Brian Kelleher cleared his throat and looked down at his wife. “We’re just simple people,” he said in a throaty, faintly accented voice. “We’ve never been associated with bad people—you know, criminal types.” A wave of stale tobacco floated from his clothing, the remnants of many cigarettes, and Lee realized that he, too, was a smoker.
“What makes you think we’d know our daughter’s killer?” Mrs. Kelleher asked, her eyes wide with anxiety. “We don’t know people like that.”
Butts was fidgeting with his notebook, and his eyes roamed the room restlessly. “We’re not saying you do,” he replied. “It’s just that sometimes people remember seeing and hearing something that can later be useful in an investigation. Can you think of anything that might stand out as strange or unusual in your daughter’s life—especially in the last few weeks or so?”
The Kellehers appeared t
o consider his question, but to Lee it looked as if they were merely marking time. They frowned as if in concentration, studied their hands, and looked around the room. Finally Mrs. Kelleher spoke.
“I can’t think of anything. Can you, dear?” she said to her husband. Mr. Kelleher looked at his wife—clearly, he took his cues from her.
He shook his big square head sadly. “Not really. Marie was a straight-A student, you know,” he added, with a glance at his wife.
“Did you ever see her with anyone strange or unusual?” Butts asked. “I mean, anyone who set off alarm bells or anything?”
The couple looked indignant, as if he had called their dead daughter’s virtue into question.
“Oh, Lordy, no,” Mrs. Kelleher replied. “She was dating that nice boy. He was respectful. We liked him, didn’t we, dear?” she said to her husband, who nodded obediently.
“He told us that he thought she might be seeing someone else,” Butts said.
“What do you mean?” Mrs. Kelleher demanded. Her soft, round face resembled a recently vacated couch cushion.
“Did you know anything about another boyfriend?” Butts asked.
Mrs. Kelleher’s prim face puckered like a prune. “No, of course not! Marie wasn’t that kind of girl.”
“What kind of girl is that?” Lee asked.
“The kind of girl who would be seeing two men at once, of course,” she snapped back. “Marie wouldn’t do that.”
“Because she was a good girl?” Lee said.
“Because she was a good Catholic girl. And, I might add,” she said, leaning forward and placing a plump hand on Lee’s arm, “we both trust in the good Lord to bring her killer to justice. We know he’s watching over us, and that he will help you capture this evil, evil man.”
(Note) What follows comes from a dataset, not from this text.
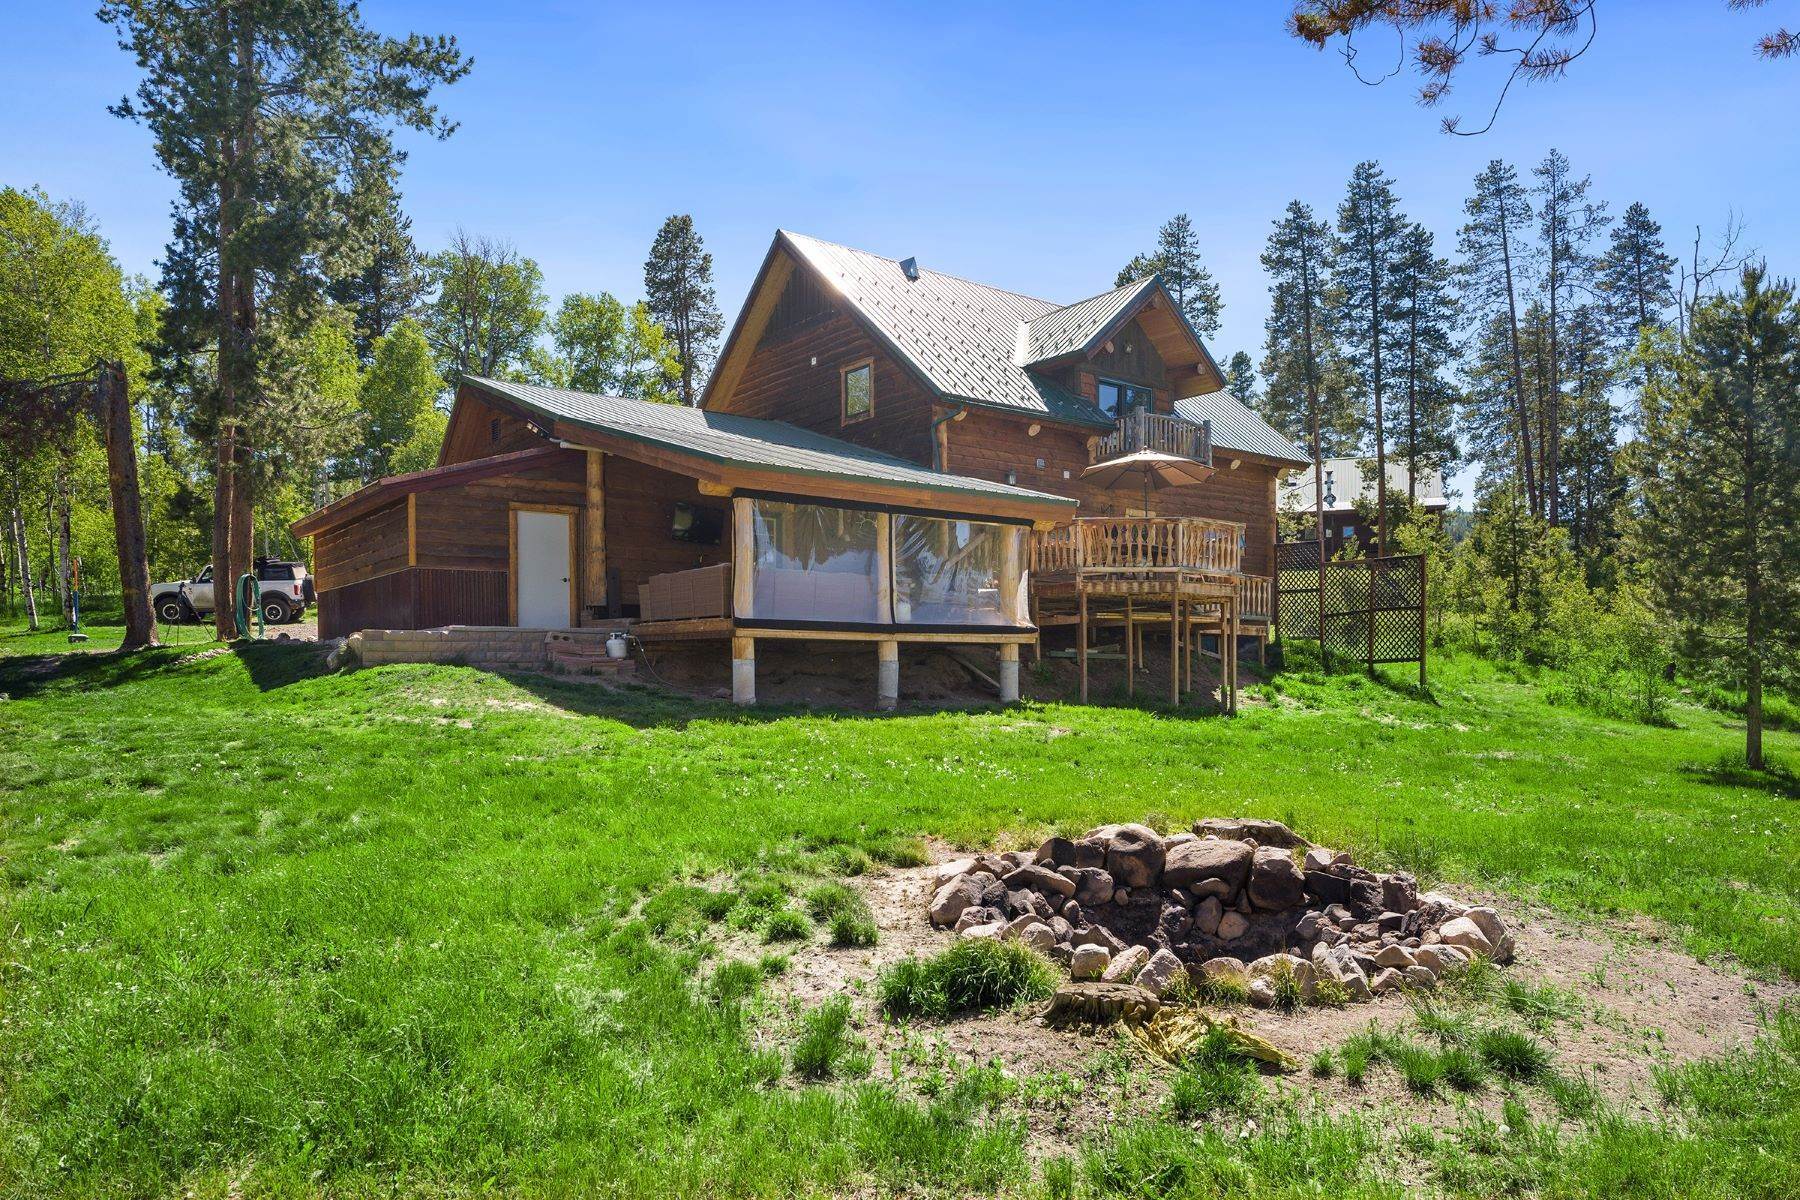 Property for Sale at The Ultimate Mountain Home 32451 Ute Trail Oak Creek, Colorado 80467 United States

“I guess He was looking the other way when your daughter was murdered,” Butts muttered under his breath.
“Excuse me?” Mrs. Kelleher said, her little button eyes bright with suspicion.
Lee felt sour distaste gathering in his mouth. Brian and Francis Kelleher held their faith in front of them like a banner. He recognized the smugness lurking behind her eyes: even devastated as she was by grief, Mrs. Kelleher’s voice had the sanctimonious tone of the true believer. These people brandished their beliefs like a weapon. One sweep of the sword of their faith opened a swath between them and the world of nonbelievers—a swift and tidy demarcation.